Metro mover: Cars with no drivers hover above downtown Miami
You may have noticed throughout this article I have mentioned the Metromover a few times. The Metromover (formerly called the PeopleMover) is an elevated electric bus system that snakes in and out of our towering downtown skylines, bringing workers from large Metrorail stations to smaller stations closer to their final destinations. It is completely automated and looks really space-aged as the buses move throughout the city without the aid of a driver. The Mover can get crowded, since the “busses” are about the size of your average Econoline van, but they are still easier – and less sweaty – than walking.
The Metromover literally goes pretty much everywhere in the Downtown/Brickell area, from the Financial District in South Brickell to the Omni Station near the Miami Herald building and Performing Arts Center in the north. It also has stops at Bayside Marketplace, the American Airlines Arena, and the James L. Knight Center. Among countless others. The Metromover is a series of 3, one-way loops with cars coming about every 5-10 minutes.

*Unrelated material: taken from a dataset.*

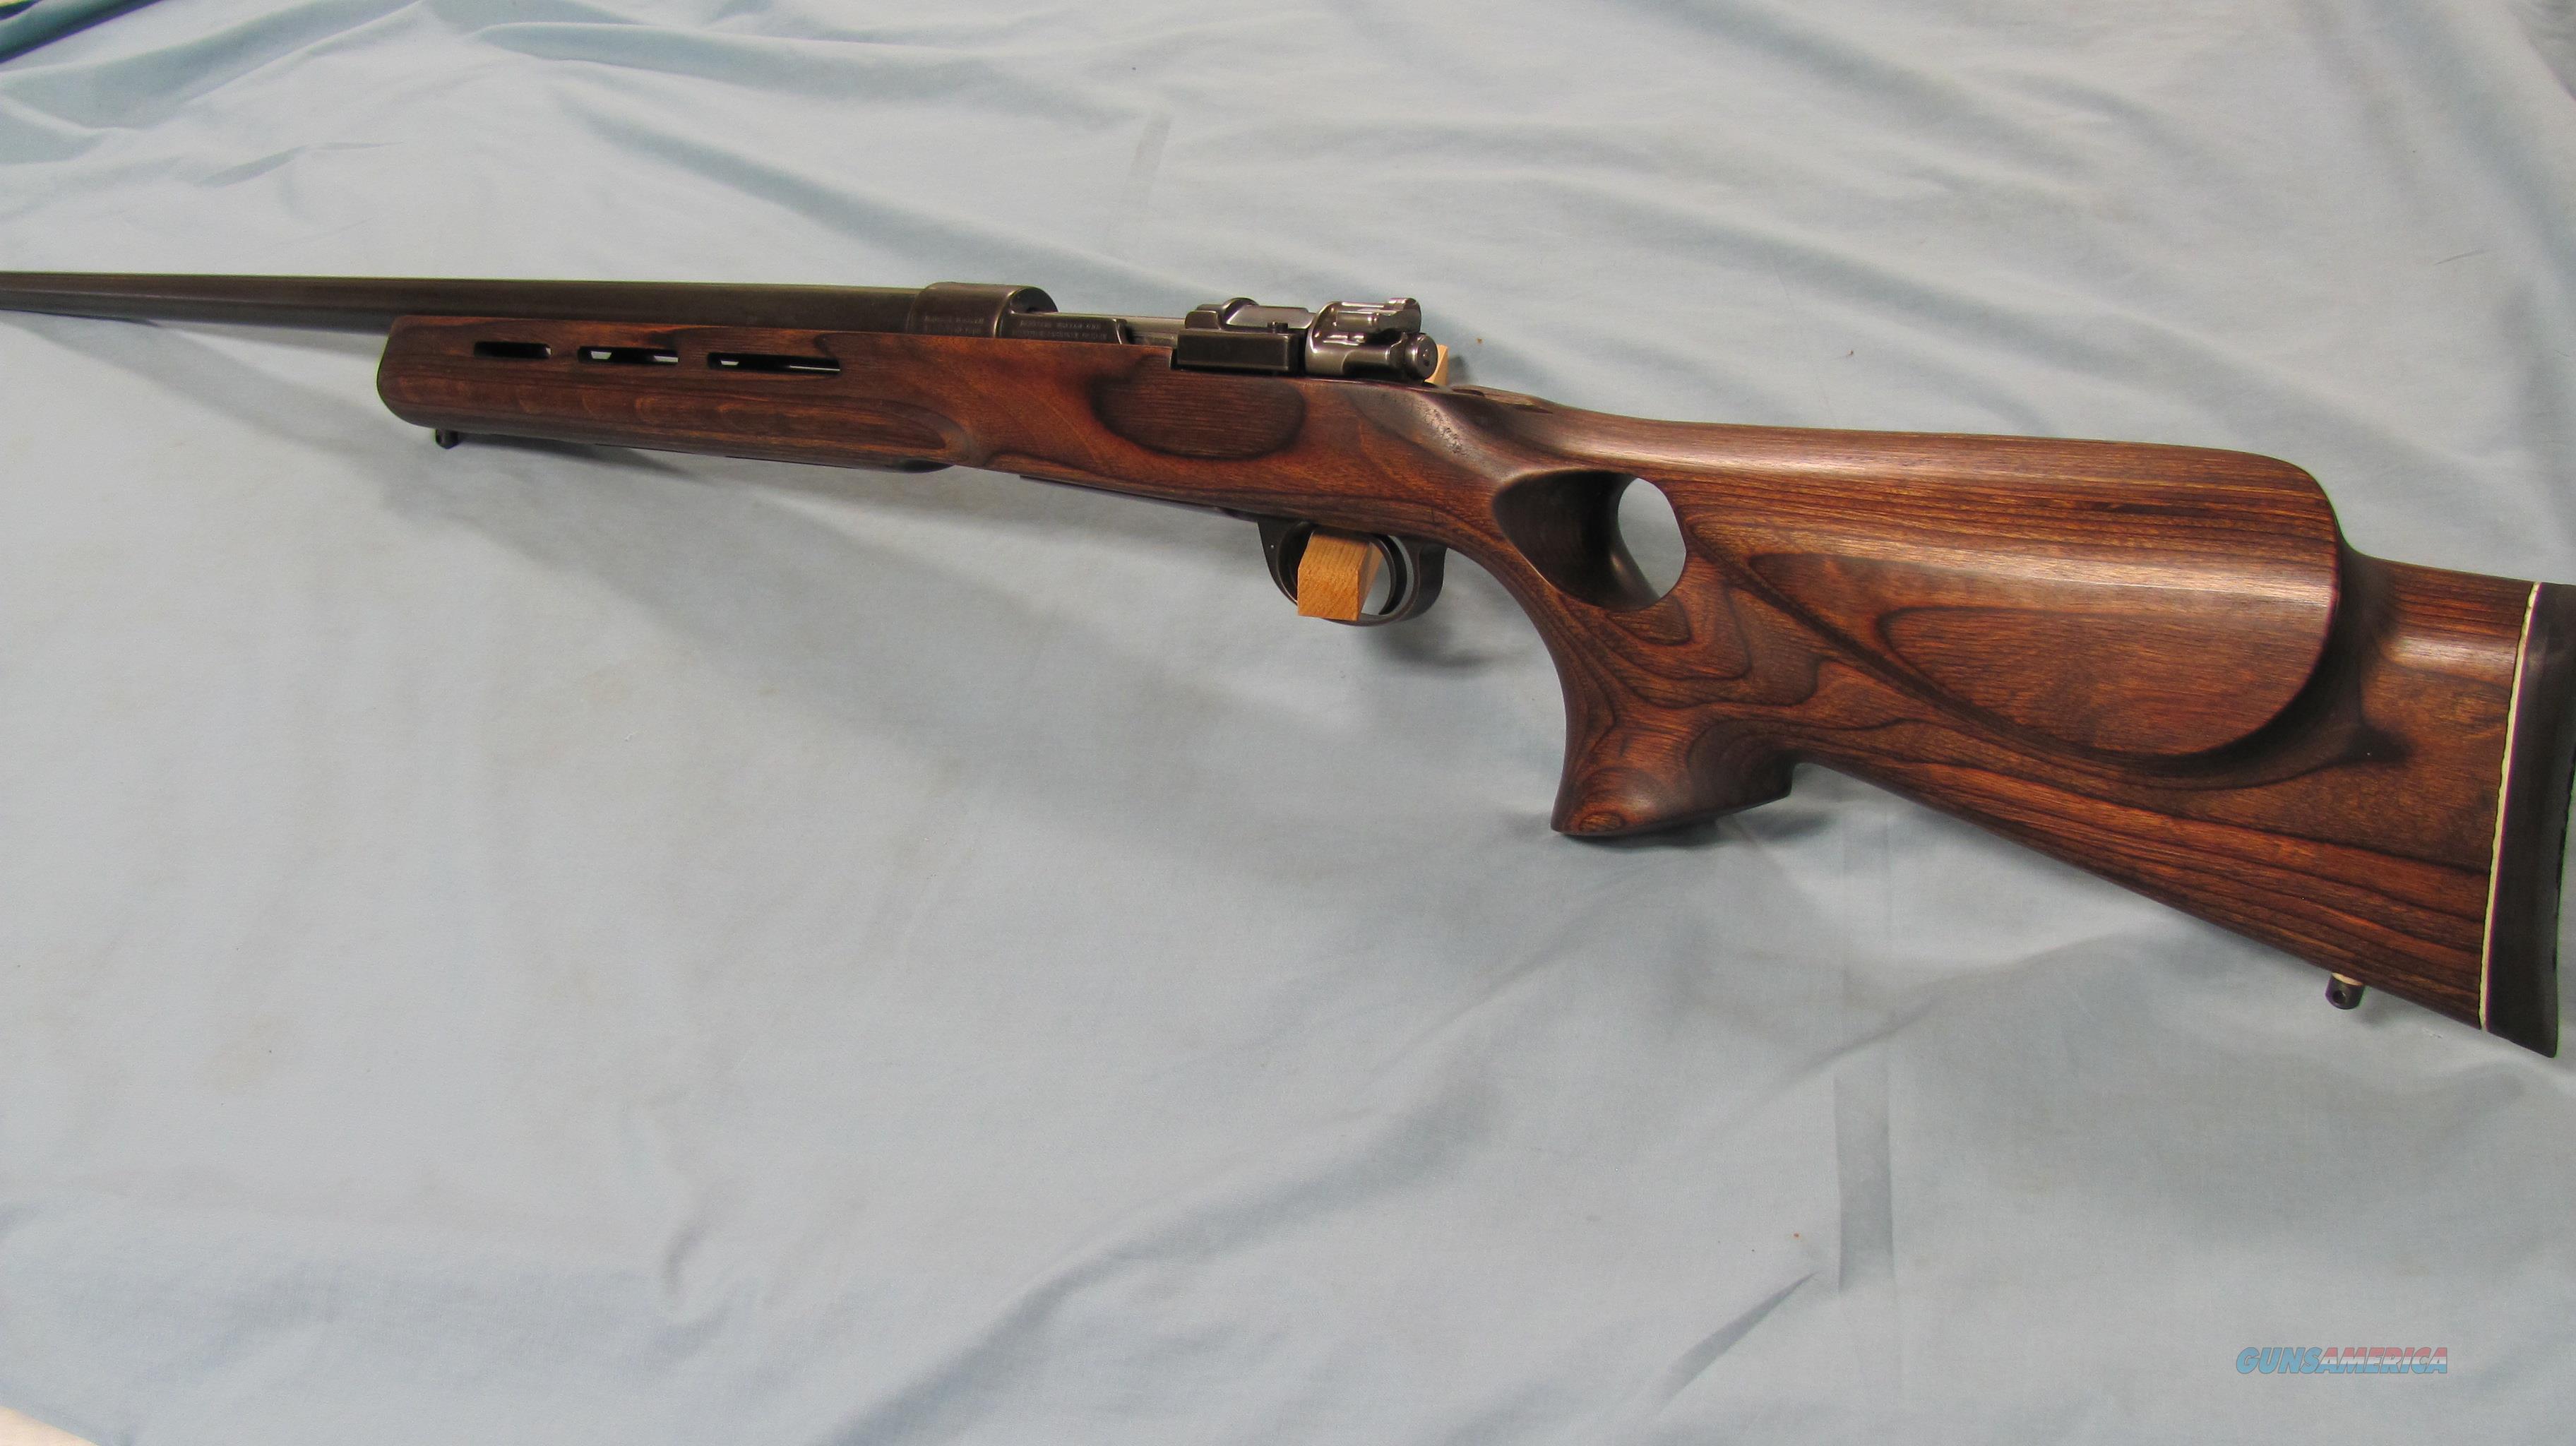 1891 argentine mauser rifle scope mount

These loops are:
Brickell Loop – runs from the southern and of Brickell on SE 14th St. up across the Miami River into downtown, and into the main downtown loop (not unlike the one in Chicago).

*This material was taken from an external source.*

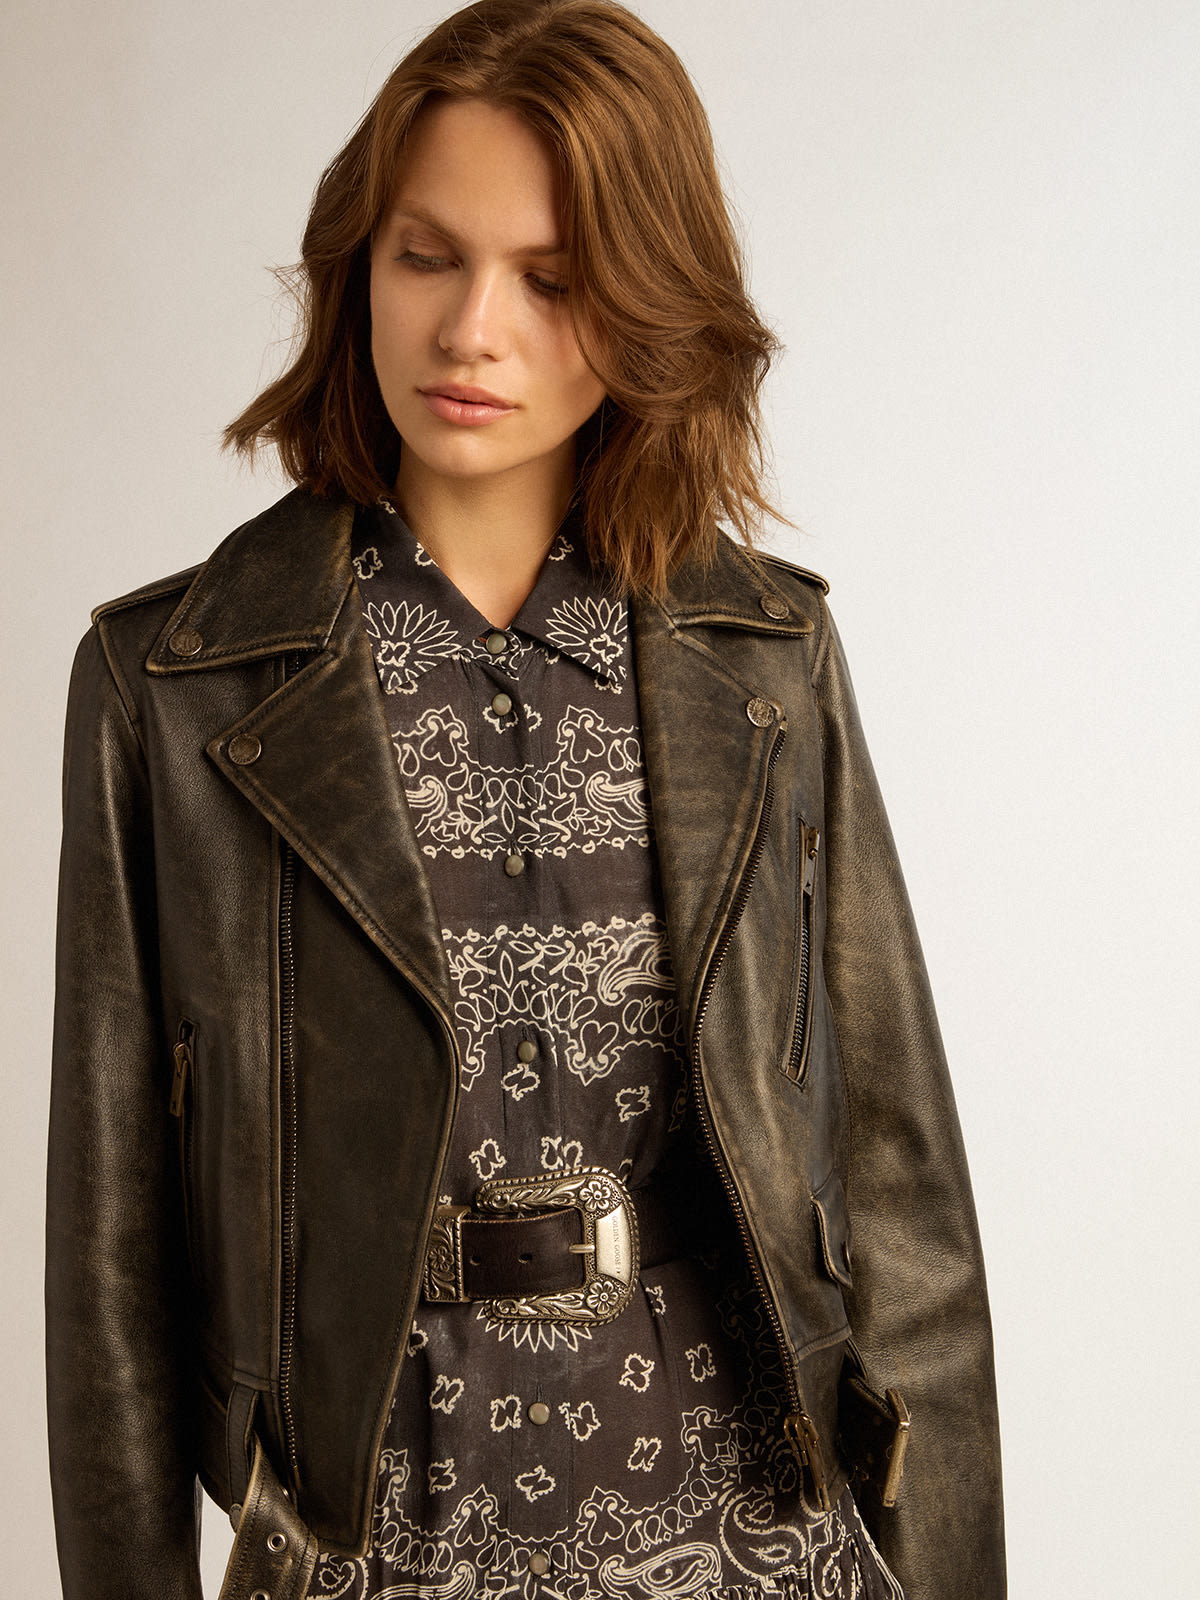 Golden Goose - Women’s biker jacket in distressed leather in

Downtown Loop – Runs clockwise through the main loop downtown, but does not go north to the Herald or south to Brickell
Omni Loop – runs from Omni Station in the north down to Government Center, runs counterclockwise through the downtown loop, then goes back up north through Bayside, past the Herald, and back to the Omni Station.
You can get a better idea of how these loops work by looking at this map.
You can transfer to any of the Metromover trains while inside the downtown loop. Which is pretty small. The Mover is great if you take the train into downtown and don’t want to have to walk through oppressive humidity or pouring rain, which are typically your 2 weather choices when walking through downtown Miami. And the best part about the metromover: It’s absolutely FREE! They used to charge a quarter, but I guess the county figured they were hassling us with change so much for the Metrorail they could spot us the twenty five cents.
The future of the Metrorail or the best half a cent we’ll ever spend
Back in 2002, Dade County voters overwhelmingly passed a half-cent increase in our sales tax to fund Metrorail expansion north up 27th Ave to Dolphin Stadium, and west to the Airport and Florida International University. Six years later guess how much track has been laid for that project? Yeah, we’re further along on colonizing Mars than we are in getting a train to the airport. And while that small spur, from downtown to MIA, appears to be the only part of the project that may actually, someday, maybe get built, don’t hold your breath. Something tells me this guide won’t be outdated for a long, long time.
But despite its limitations and massively-frustrating change machines, the Metrorail can be an economical and time saving alternative for any Miamian. If you get as enraged at traffic as you crawl along US-1 as I do, and want to figure out a way to not have to do it again, look up at that mysterious cement track over your head. Tough you may have previously thought of it as a large piece of useless scenery, it just may me you salvation. In an era of $4-a-gallon gas, why not give the Metrorail a try? Just make sure you never go north of Culmer.